Task brief => In the material below, write out each line word for word and omit the pictures.

Dataset excerpt =>
- Opening Delimiter -
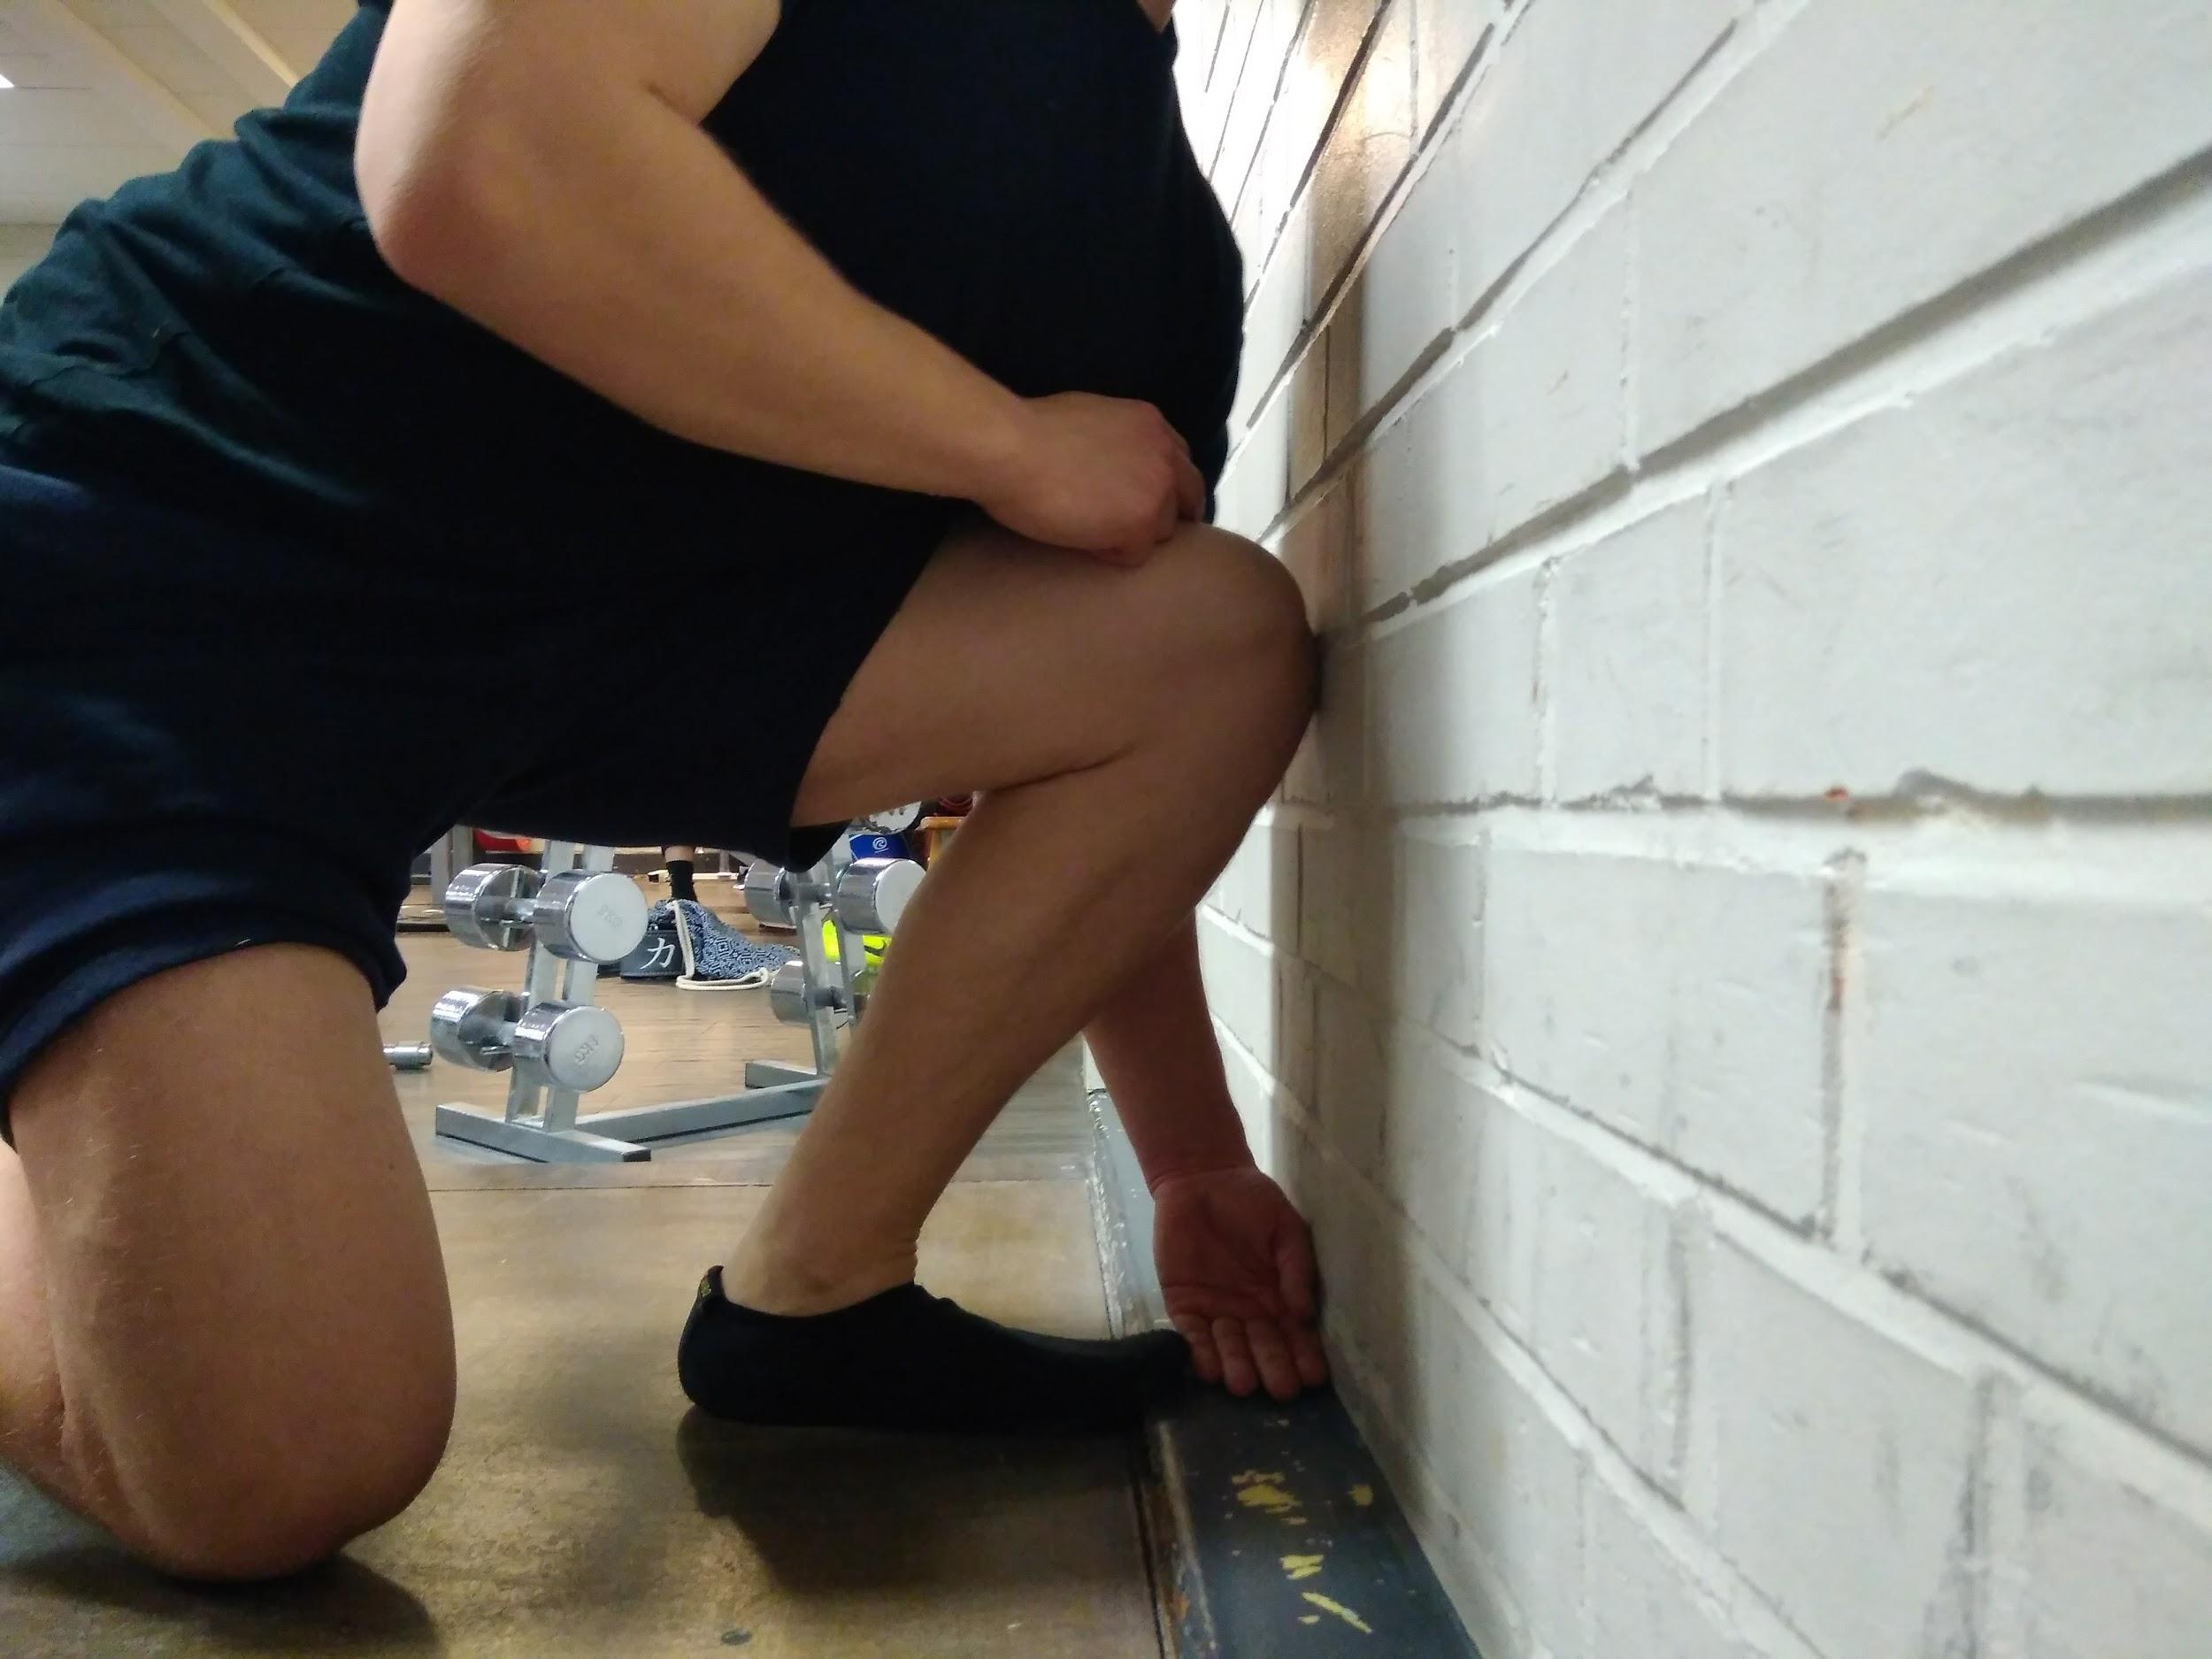 word image 51 - Butt-Wink beheben: So hälst du deinen Rücken gerade bei Kniebeugen
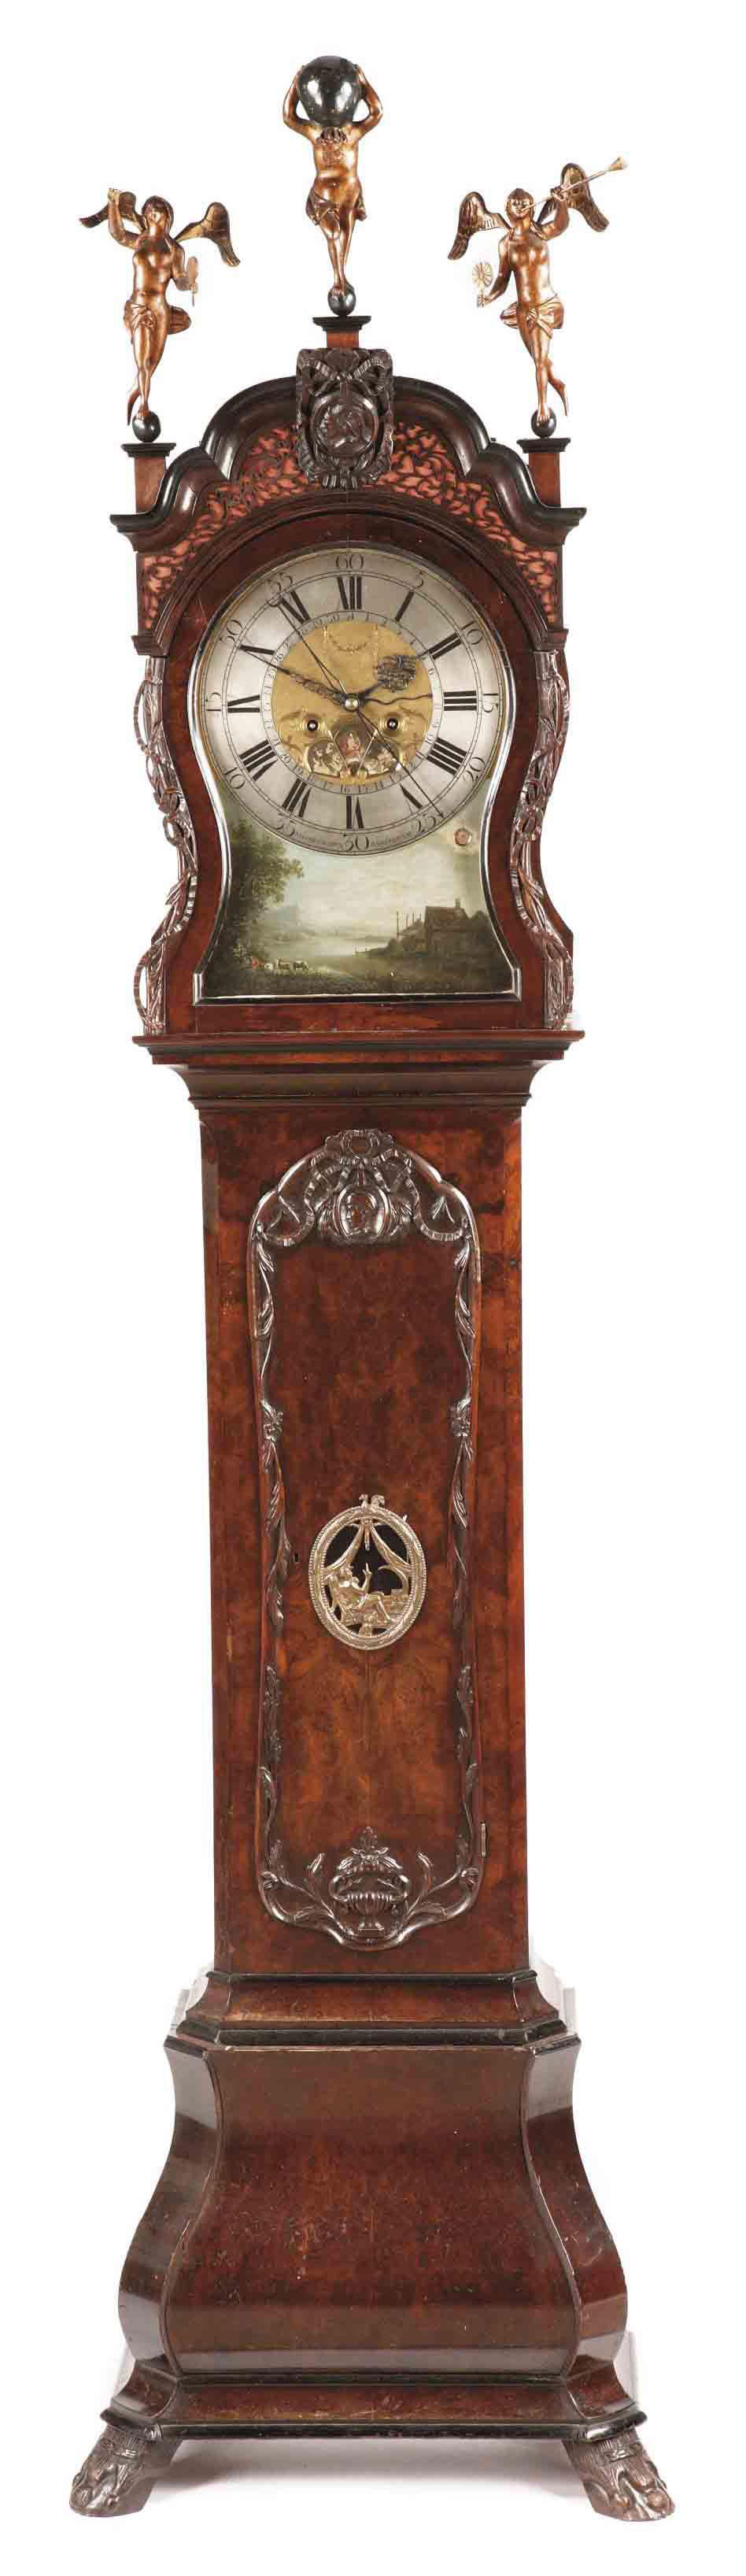 A DUTCH WALNUT and BURR-WALNUT LONGCASE CLOCK WITH CALENDAR
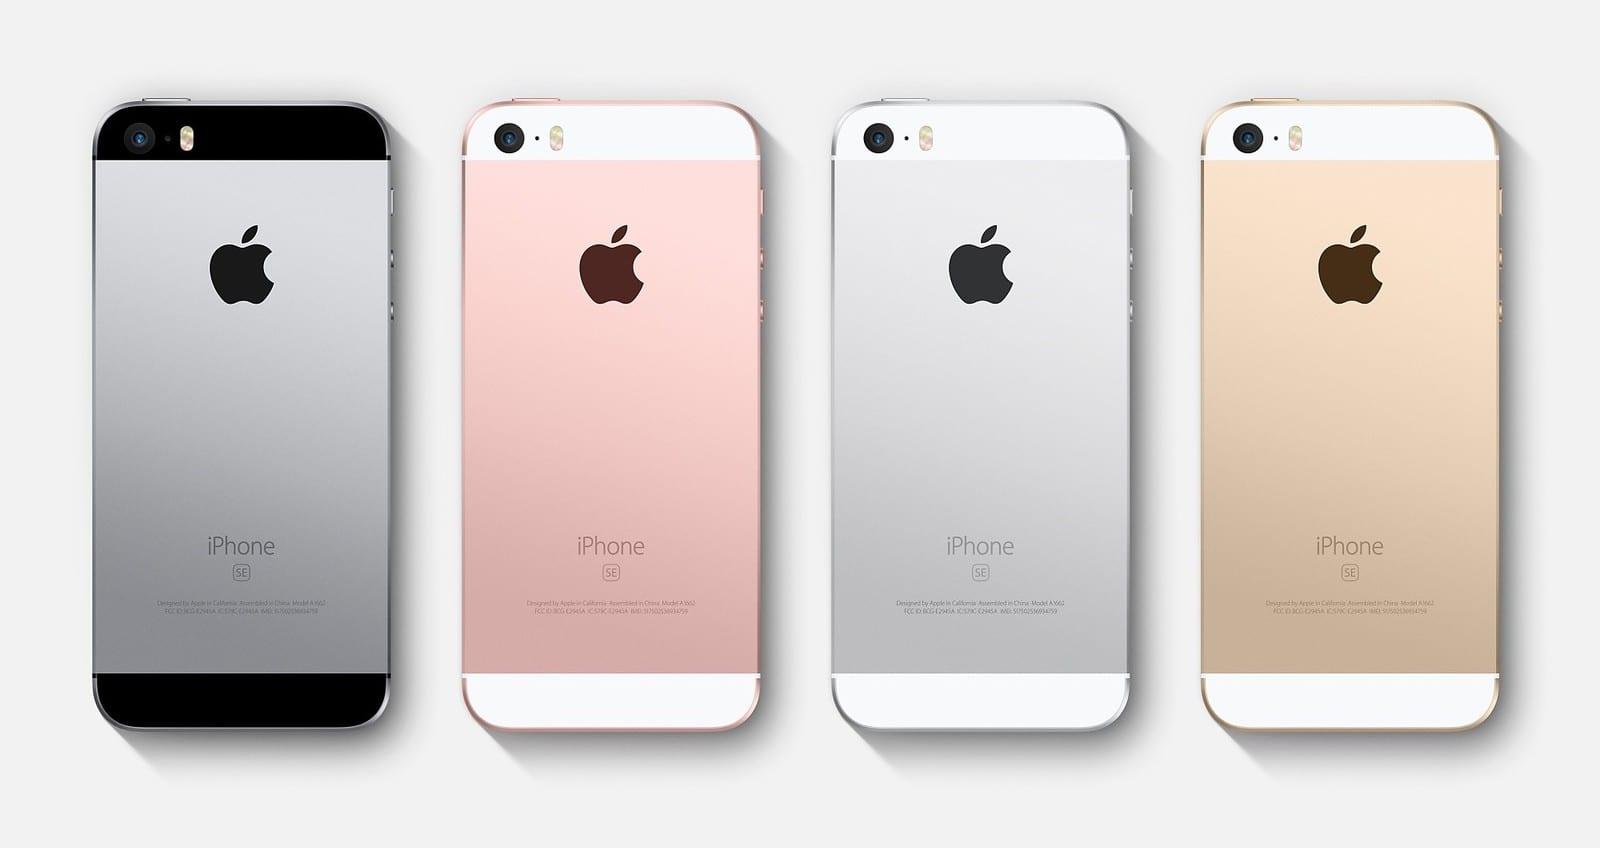 iphone se press nowat - Apple si registroval niekoľko nových iPhonov, vyjsť by mohli už v júni
- Closing Delimiter -
Completed exercise =>
 word image 51 - Butt-Wink beheben: So hälst du deinen Rücken gerade bei Kniebeugen
 A DUTCH WALNUT and BURR-WALNUT LONGCASE CLOCK WITH CALENDAR
 iphone se press nowat - Apple si registroval niekoľko nových iPhonov, vyjsť by mohli už v júni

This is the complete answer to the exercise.